Do you read books on Kindle or a Kindle app on an iPad or similar device? Do you want to make notes or highlight passages in your ebooks but don’t know how? Would you like to have access to all your notes and highlighted passages even when you don’t have your Kindle or iPad with you? Would you like to do this but don’t have an Amazon.com account, or you buy your ebooks from some other store than Amazon.com? Would you like to share your notes and highlights with others? Would you like to transport all your notes and highlights into Evernote? If your answer to any or all of the above is ‘yes’ then read on.

In this post, I show you how I, a Japan resident who purchases most of his Kindle books on Amazon Japan (not Amazon.com, I don’t have an account there)  get my book notes and highlights made on my iPad’s Kindle app into Evernote. It’s a non-geeky (no coding required), unoriginal solution that makes use of free automation services and apps: Evernote, Kindle app for iPad, Twitter, IFTTT.

(This is for Kindles or Kindle apps only; I’m still figuring out how to do the same thing for notes/hightlights created in iBooks. Here’s a video on how to share notes and highlights in the iBooks app.)

Why bother?

Why would you want your Kindle notes in Evernote? As you’ll see below, notes and highlights made on a Kindle or Kindle app are automatically stored on your Amazon Kindle page. So why bother transferring them? You can edit them, sort them by book or by date, delete them, all on your Amazon Kindle page. Well, I like to have as much of my work- and research-related info as possible under one roof, not scattered across different programs or devices. Also, with Evernote’s offline notebooks capacity, I can access and edit my book notes in Evernote even without Internet access. If those considerations are not important to you, then you can stop reading right here. If you’d like to know more about your Amazon Kindle page, read Michael Hyatt’s post: How to Get Your Kindle Highlights into Evernote.

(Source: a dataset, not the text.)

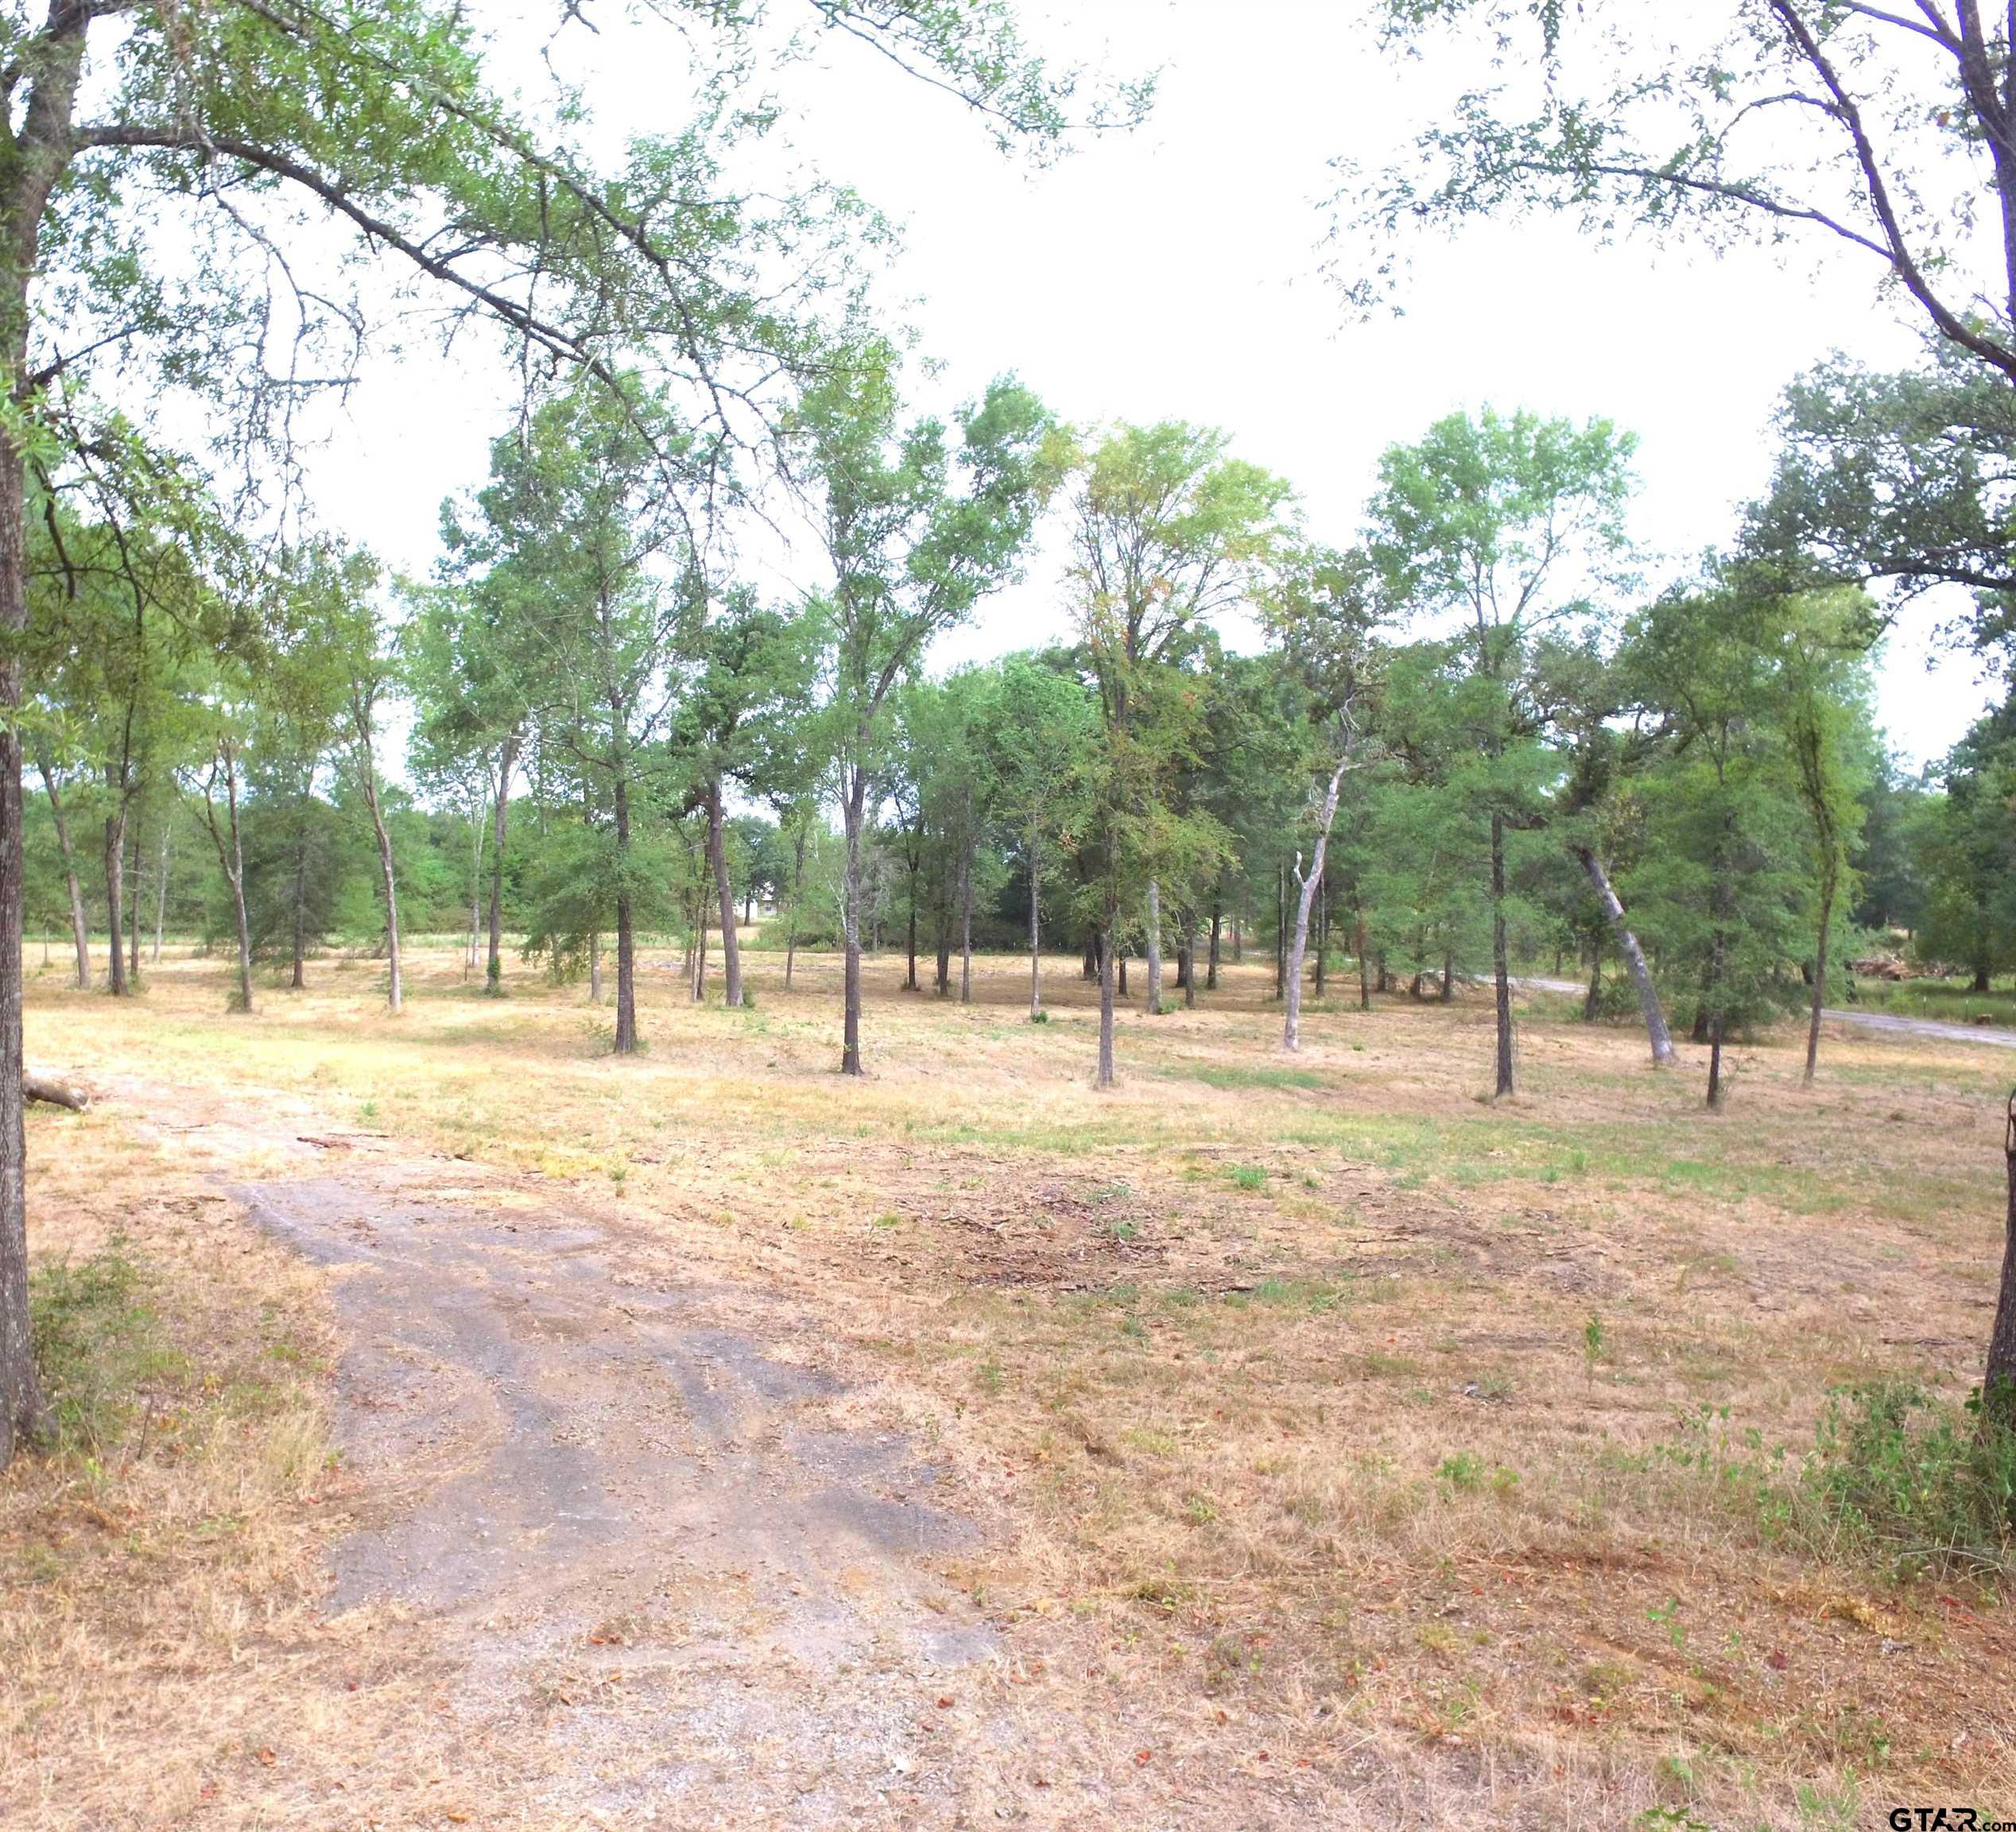 a view of open space with trees

Evernote ambassador and SF writer Jamie Rubin has a geeky and long-assed post on how he gets his Kindle book notes and highlights into Evernote AUTOMATICALLY, but it requires knowledge of snakes and anyway it only works for notes taken on a Kindle device. If you take notes on, say, the Kindle App on your iPad, you’re out of luck. There is an app called Snippefy, which seems to do exactly what Rubin and I want, but unfortunately it’s not available for Apple Japan.

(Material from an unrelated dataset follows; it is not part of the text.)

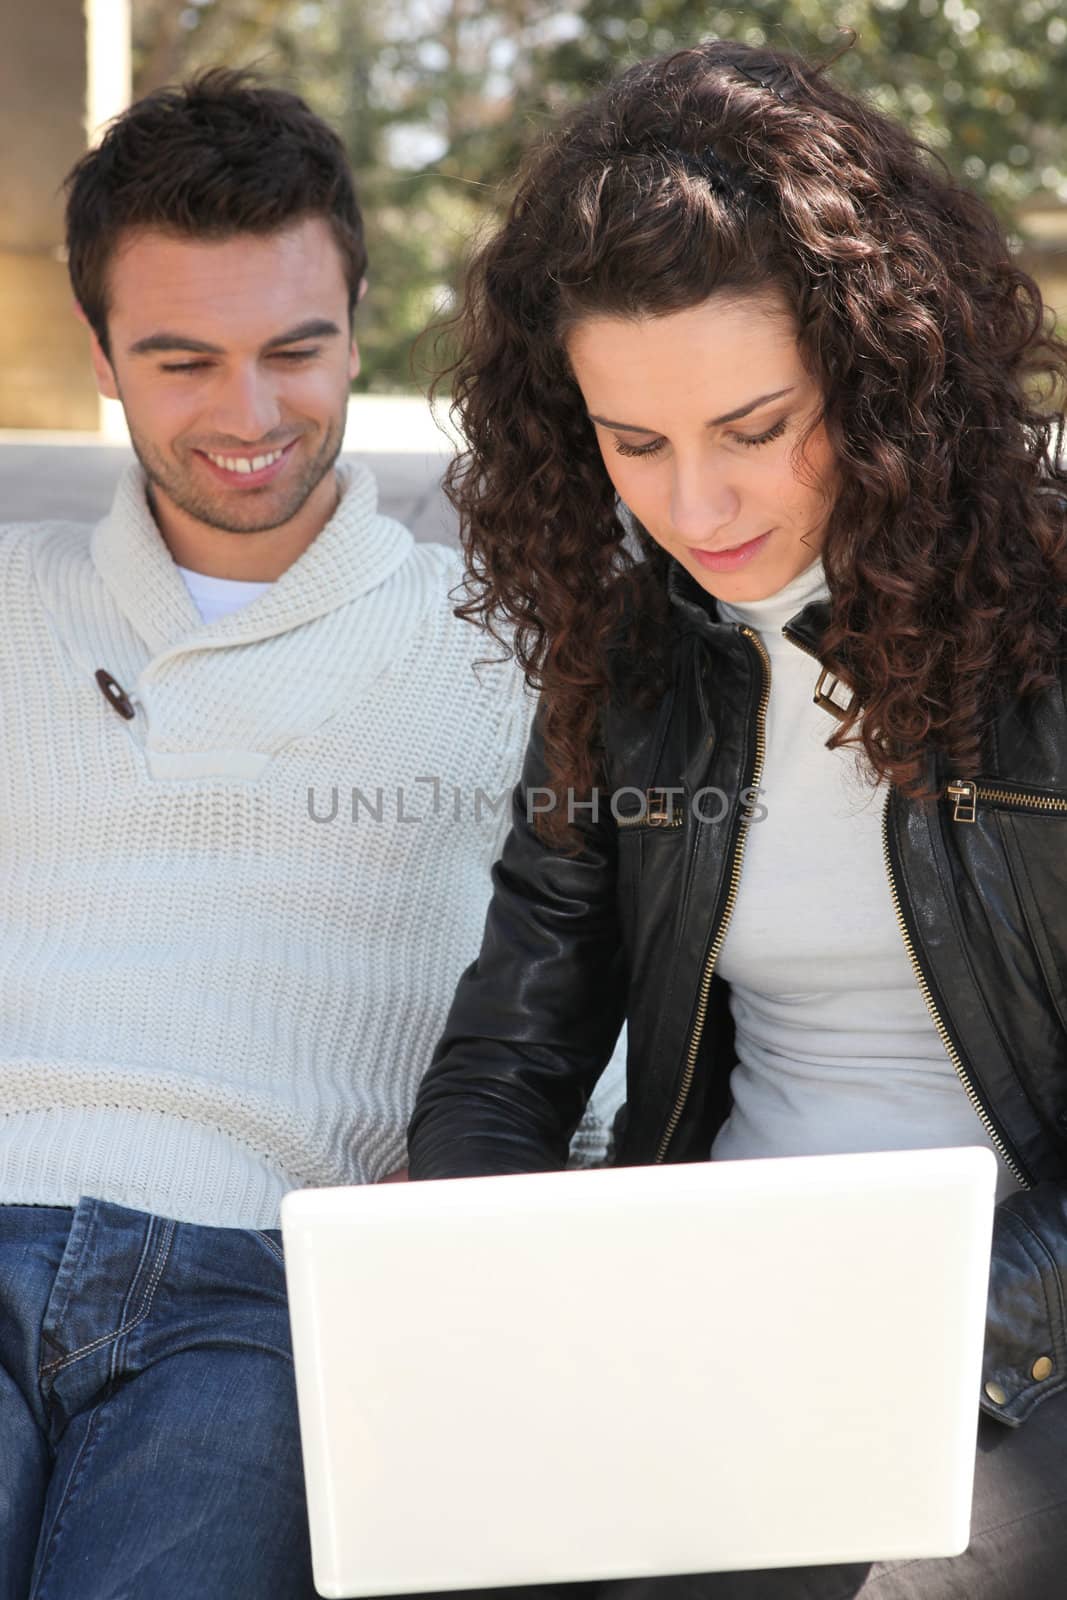 Couple using a laptop outdoors

Michael Hyatt’s post: How to Get Your Kindle Highlights into Evernote, is good, but it involves manually transferring each highlight/note from your Amazon Kindle page to Evernote. This article gives a very good overview of Amazon’s Kindle page. I recommend it. For best results, and if you don’t mind not sharing your notes on Twitter, the simplest solution may be to wait until you finish reading your book and making all your notes and highlights, then going to your Amazon Kindle page, selecting all the notes for that book and copying and pasting those suckers into an Evernote. You have to do this manually, tho. Or perhaps Snippefy will do the job. Unfortunately, I cannot test it out.

Once set up (explained below), and assuming I’m reading a book on my iPad’s Kindle app, theree are just 4  manual steps, all done within the Kindle app (see below for details). Read the rest of this entry »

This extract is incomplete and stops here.